Когда я тяжело вздохнул, гончая, как самая обычная собака, подошла к мертвецу и со скорбным видом улеглась рядом, аккуратно положив зубастую морду ему на грудь.
Странное проявление чувств от нежити…
Впрочем, нет. Ведь на самом деле это не она тоскует, а это у меня внутри все вымерзло. И это не у нее, а у меня в душе вместо недолгого опустошения появилось какое-то новое, не поддающееся описанию, но на удивление сильное чувство, не дающее спокойно отвернуться и просто уйти, навсегда вычеркнув этот день из памяти.
Я знал, что никогда не забуду миг, когда упрямый мальчишка бездумно полез вперед, пытаясь принять смерть вместо меня. Как не забуду равнодушного взгляда, которым его, самоубийцу, одарила стоящая напротив меня нелюдь.
Нелюдь… Кажется, только сейчас я начал осознавать истинный смысл этого слова. И, глядя на одинокую капельку крови, навеки застывшую на щеке убитого мальчишки, вдруг ощутил, что не смогу уйти. Не смогу забыть, отмахнуться и спокойно жить дальше. Нардис, сам того не ведая, сумел сделать для меня нечто очень ценное. Привязавшись ко мне, он в каком-то смысле сумел привязать и меня. Люди… Они ведь не зря так настойчиво тянутся друг к другу.
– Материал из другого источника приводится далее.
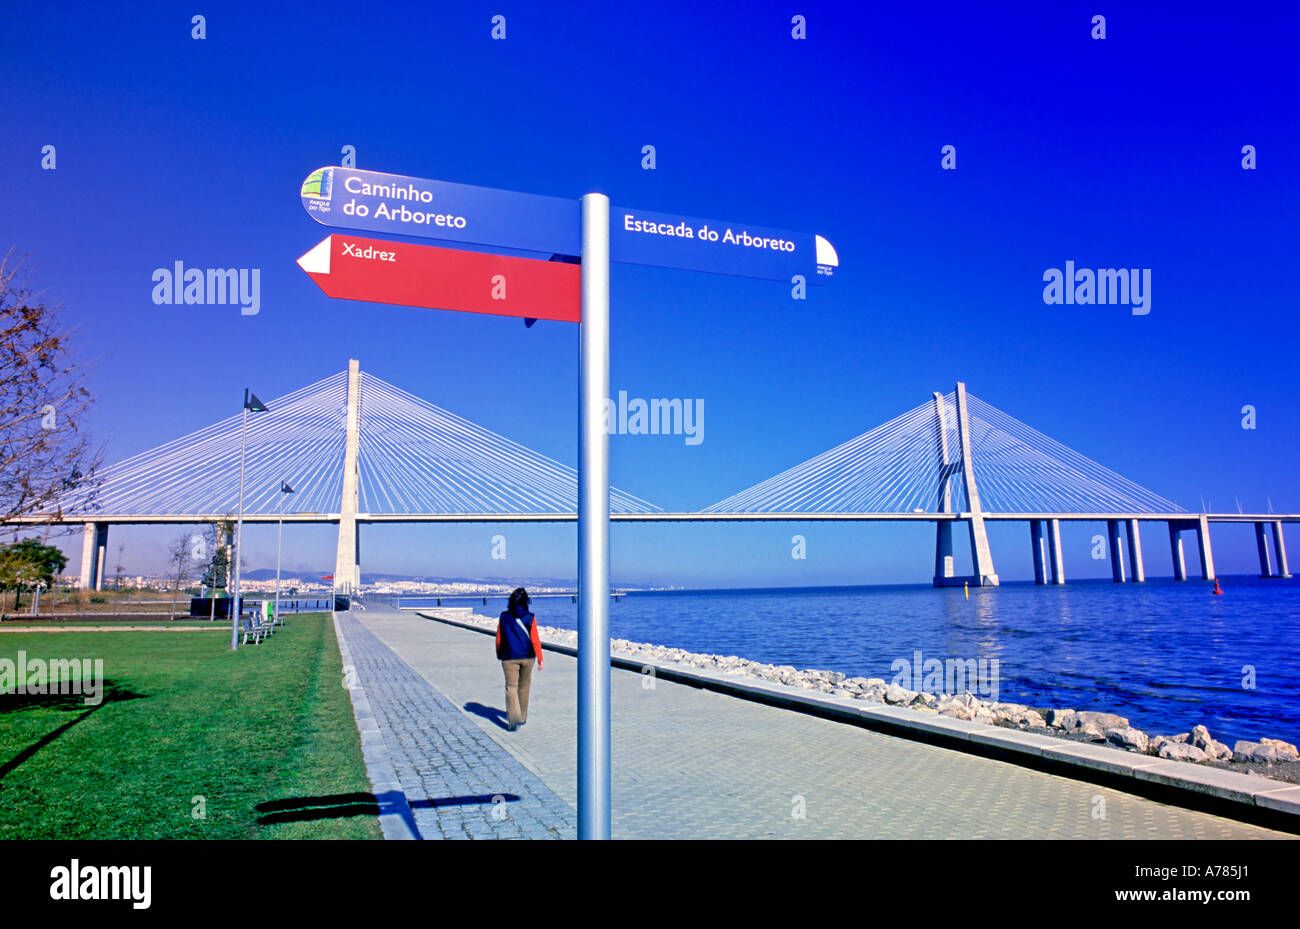 Riverside, Tage et le pont Vasco da Gama, Parque das Nações, Lisbonne, Portugal Banque D'Images

Поэтому сейчас, когда эту связь оборвали, а то, что она дарила, безвозвратно ушло, я в полной мере ощутил, что потерял нечто крайне важное. То, что уже никогда не смогу вернуть.
От последней мысли мне стало неуютно.
Никогда – это ведь даже не вечность. Никогда – это уже насовсем, потому что Нардиса мне никто не заменит. И на его место никто не придет.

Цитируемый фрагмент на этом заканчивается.